┏━━

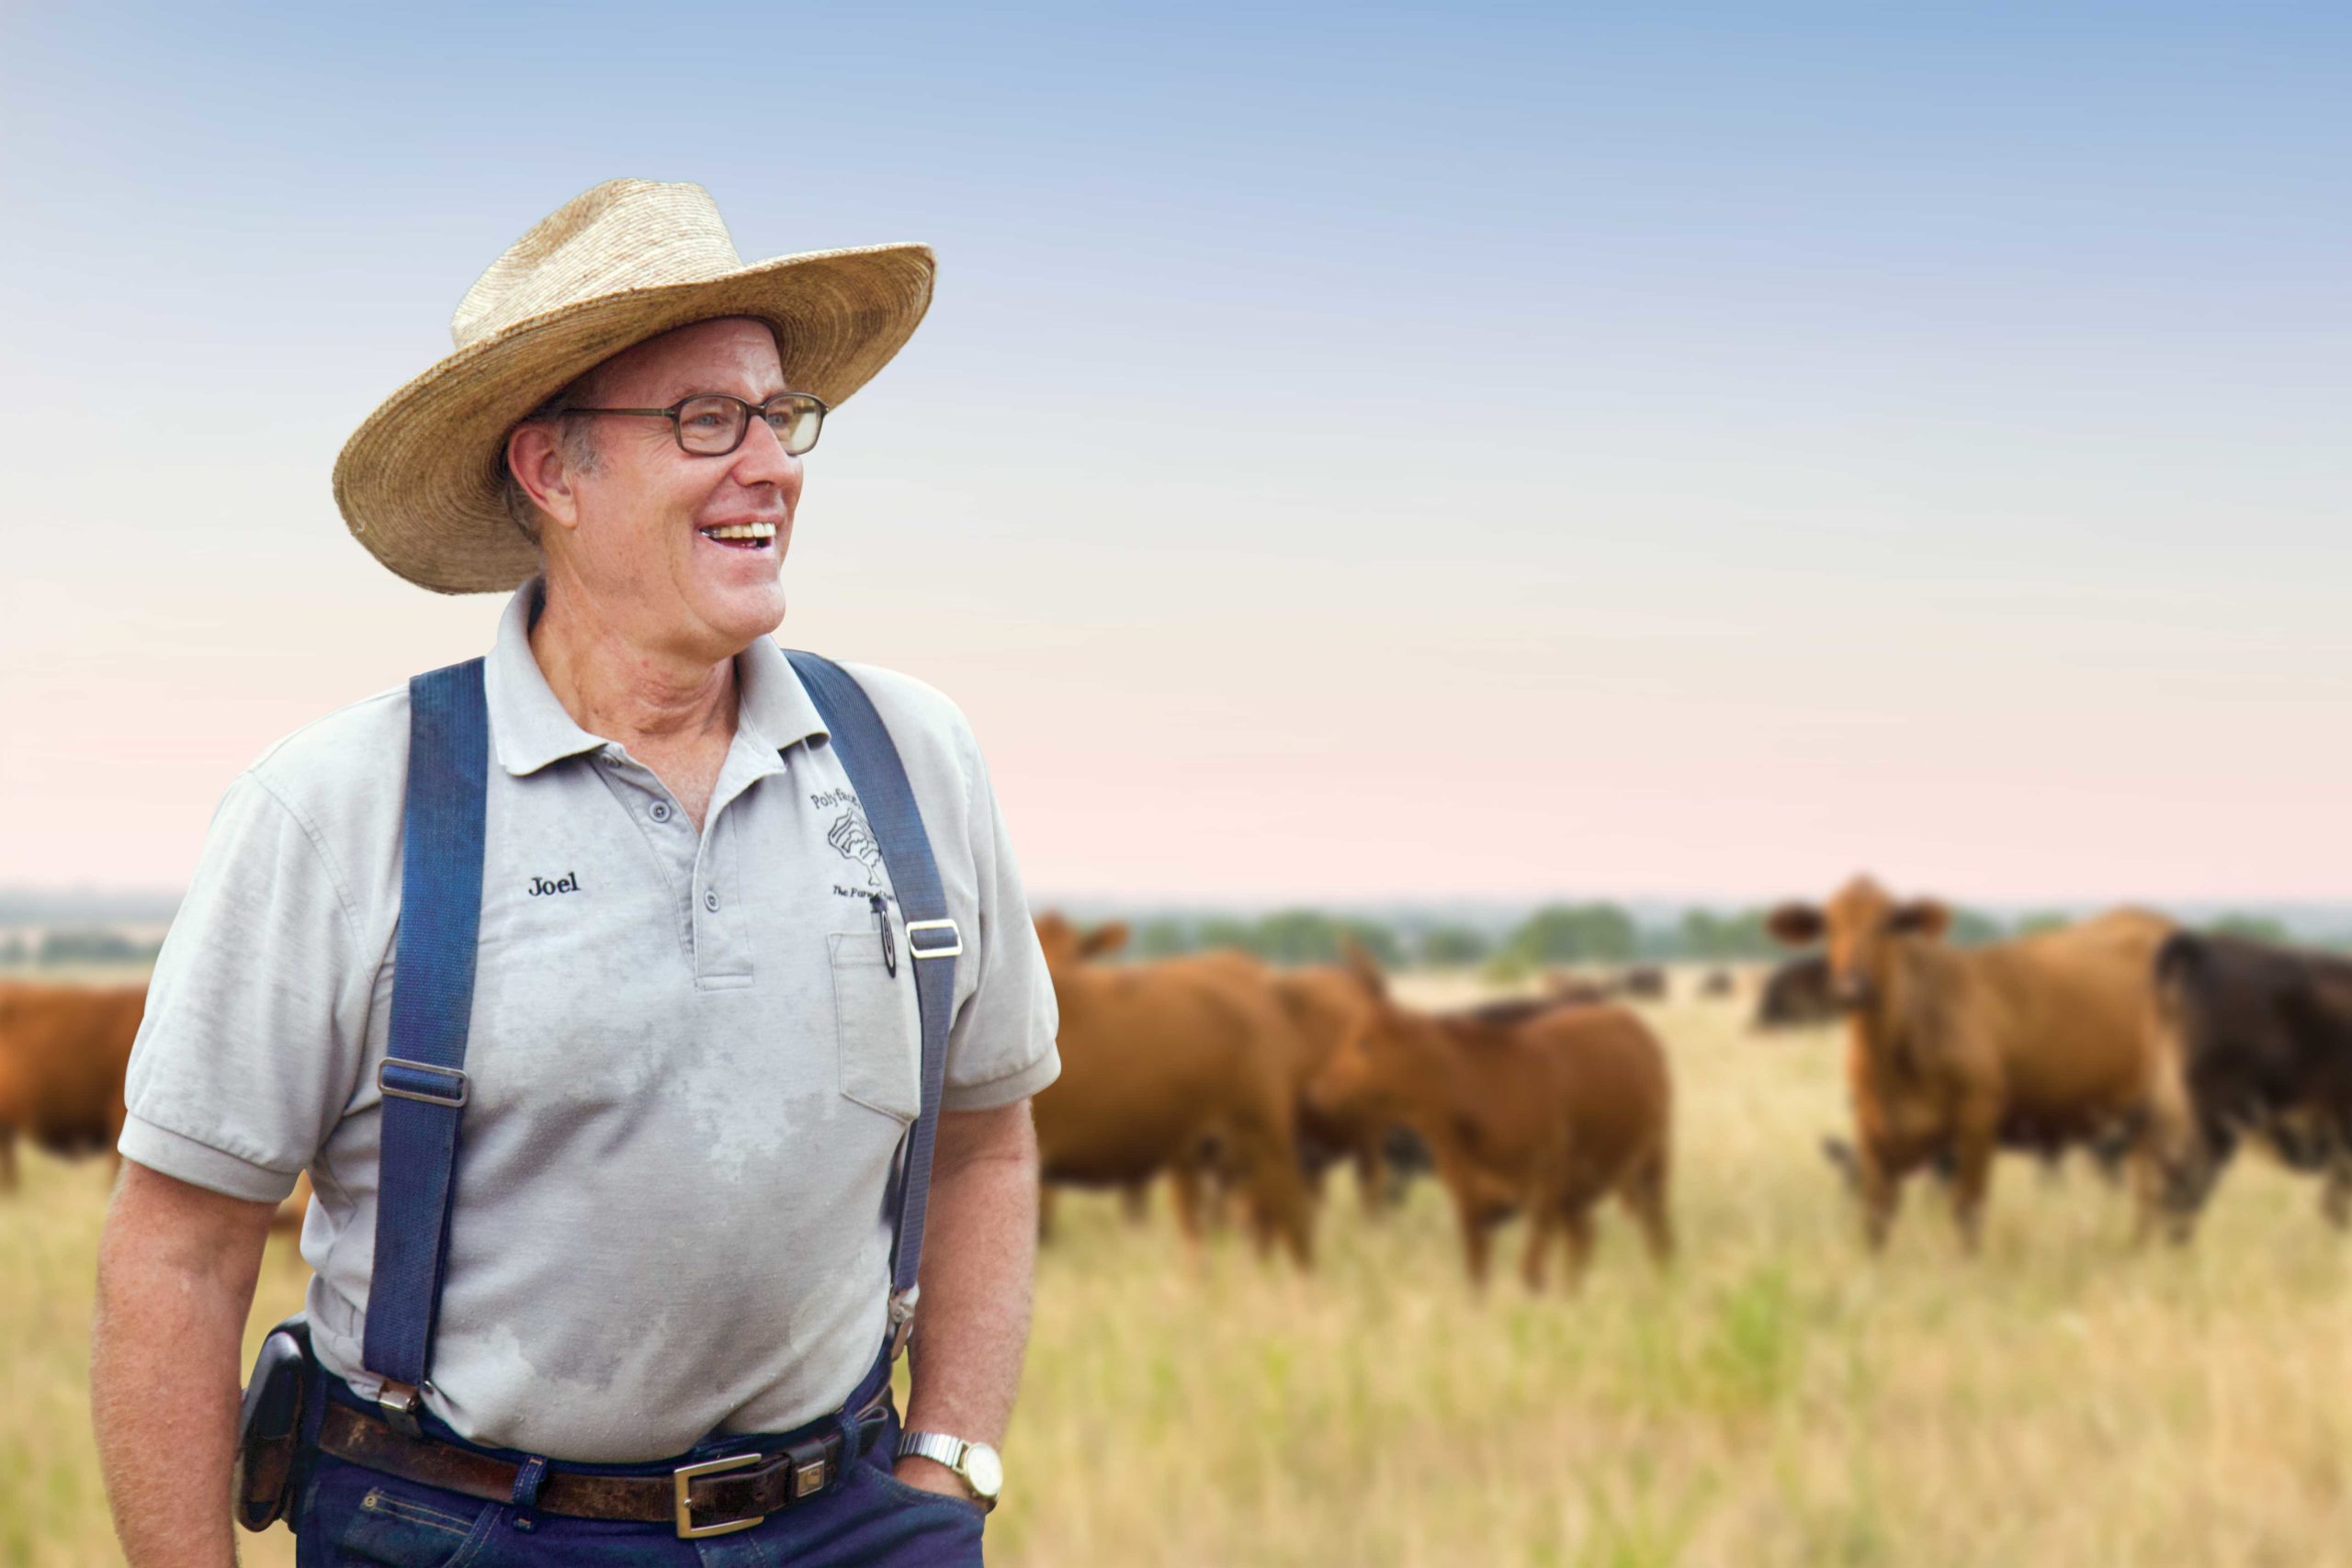 Joel Salatin in field of cattle on sunny day
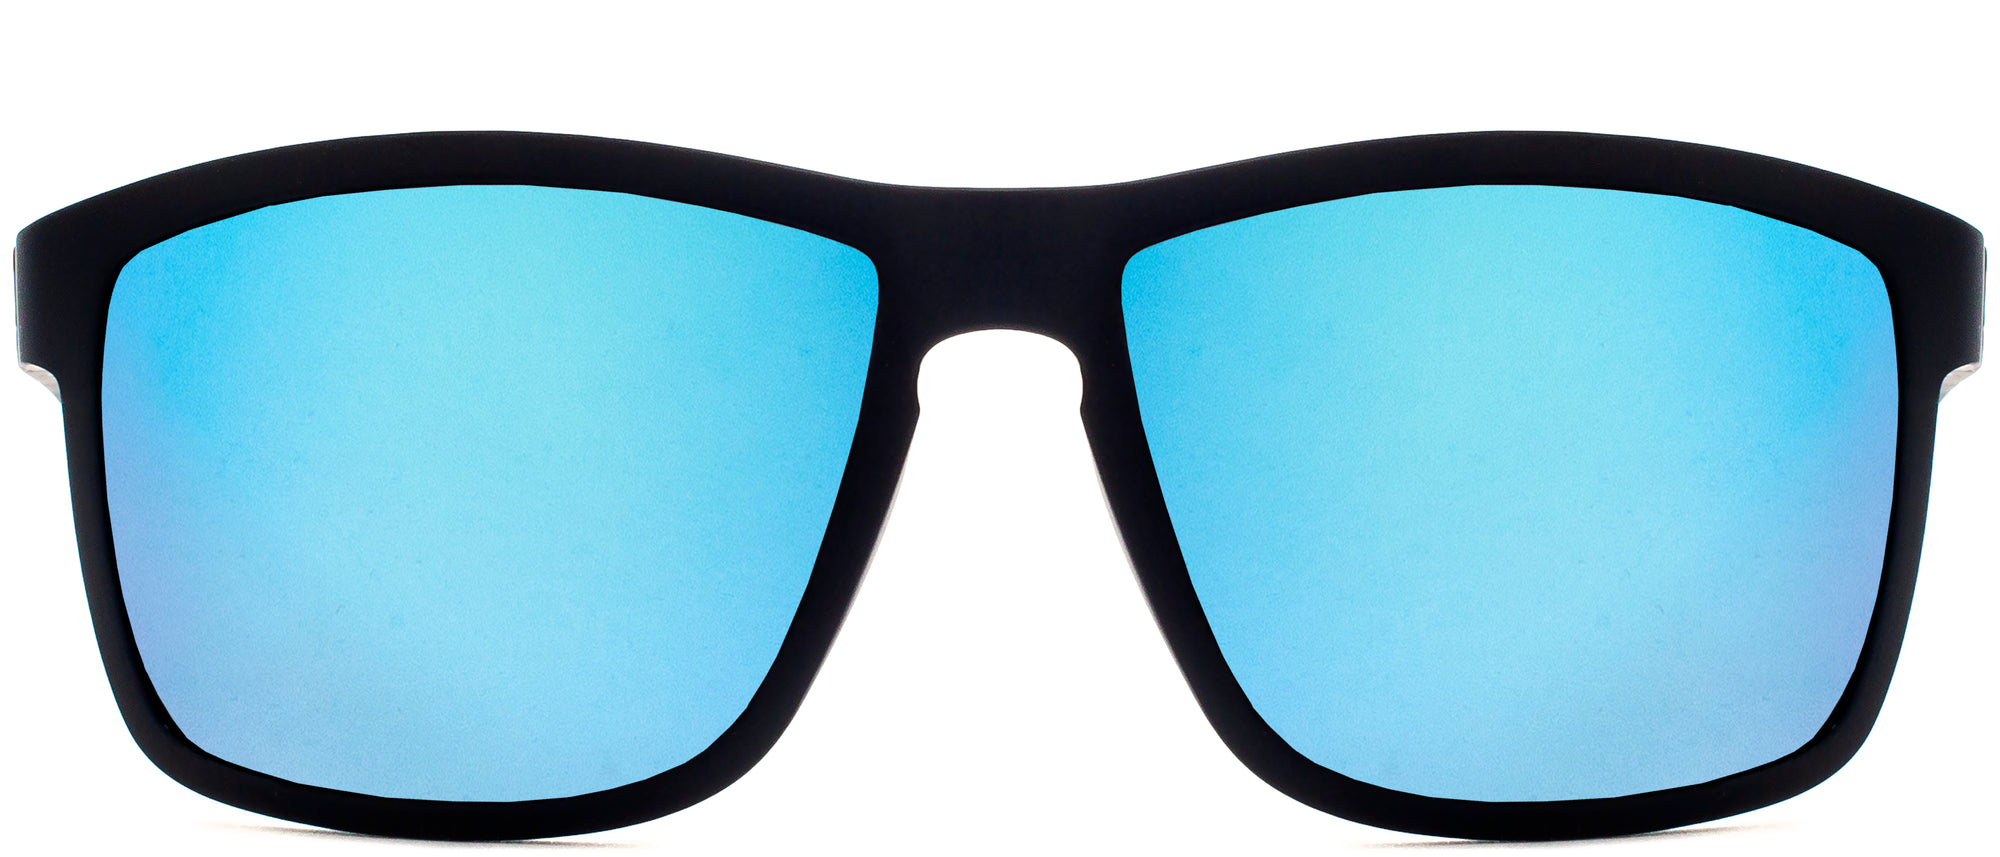 Pimlico Elite Sunglasses
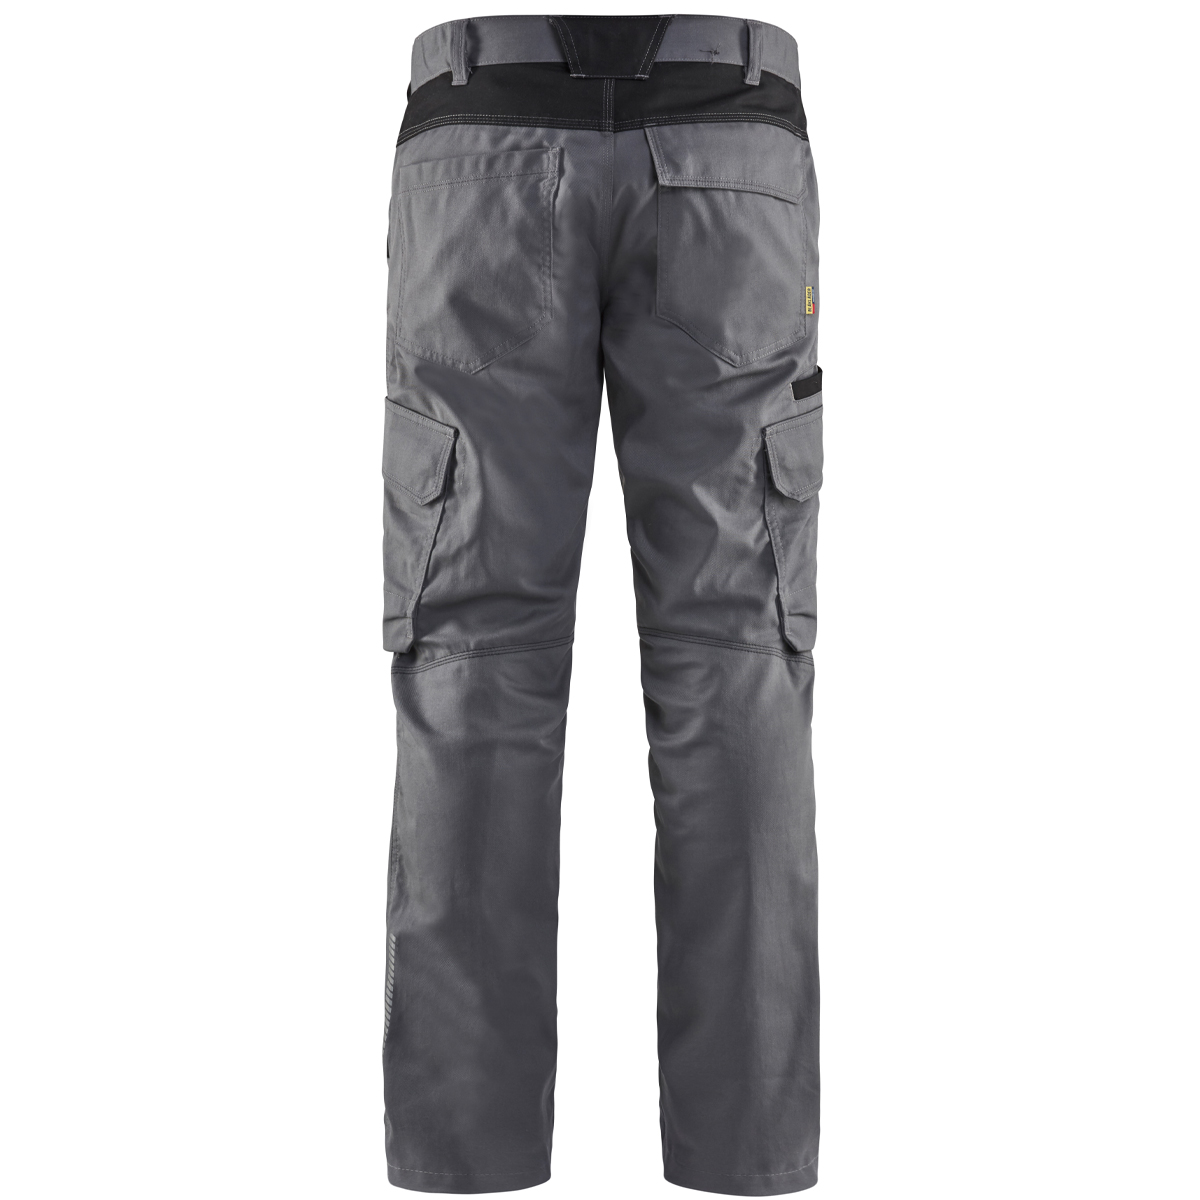 Blakläder industrial work trousers with stretch
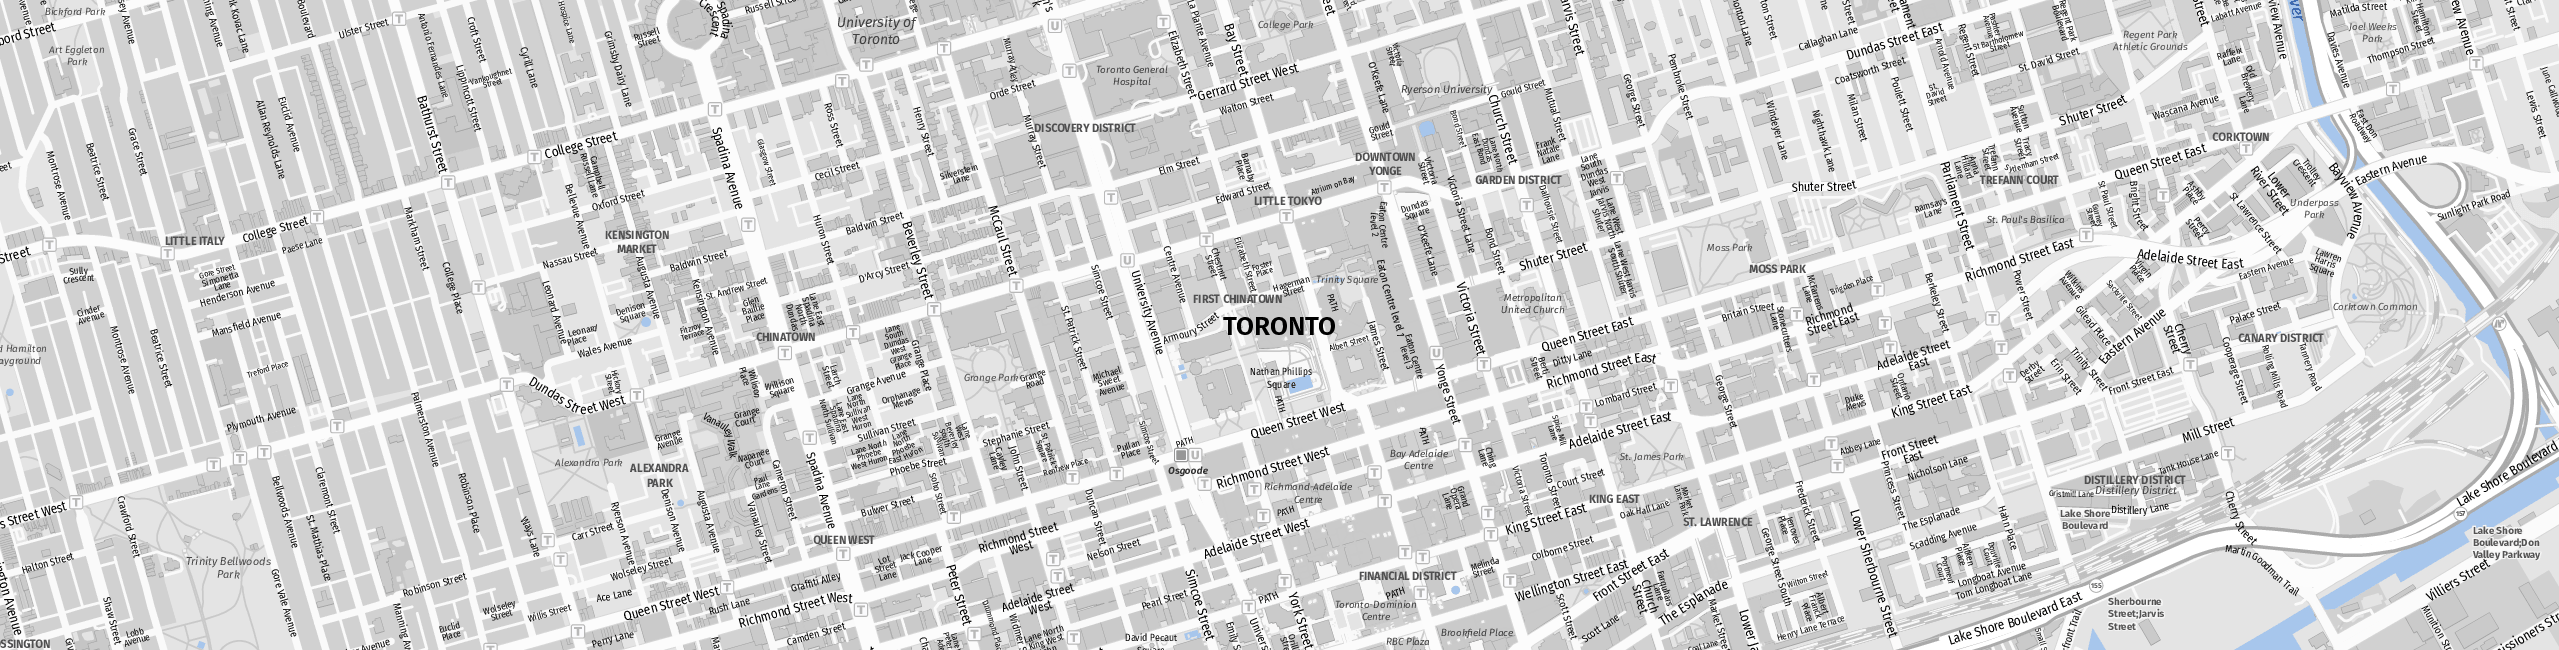 Stadtplan Toronto zum Downloaden.

┗━━

**What to do**
Without the pictures, retype the whole of the material above exactly.

**Output for this task**
 Joel Salatin in field of cattle on sunny day
 Pimlico Elite Sunglasses
 Blakläder industrial work trousers with stretch
 Stadtplan Toronto zum Downloaden.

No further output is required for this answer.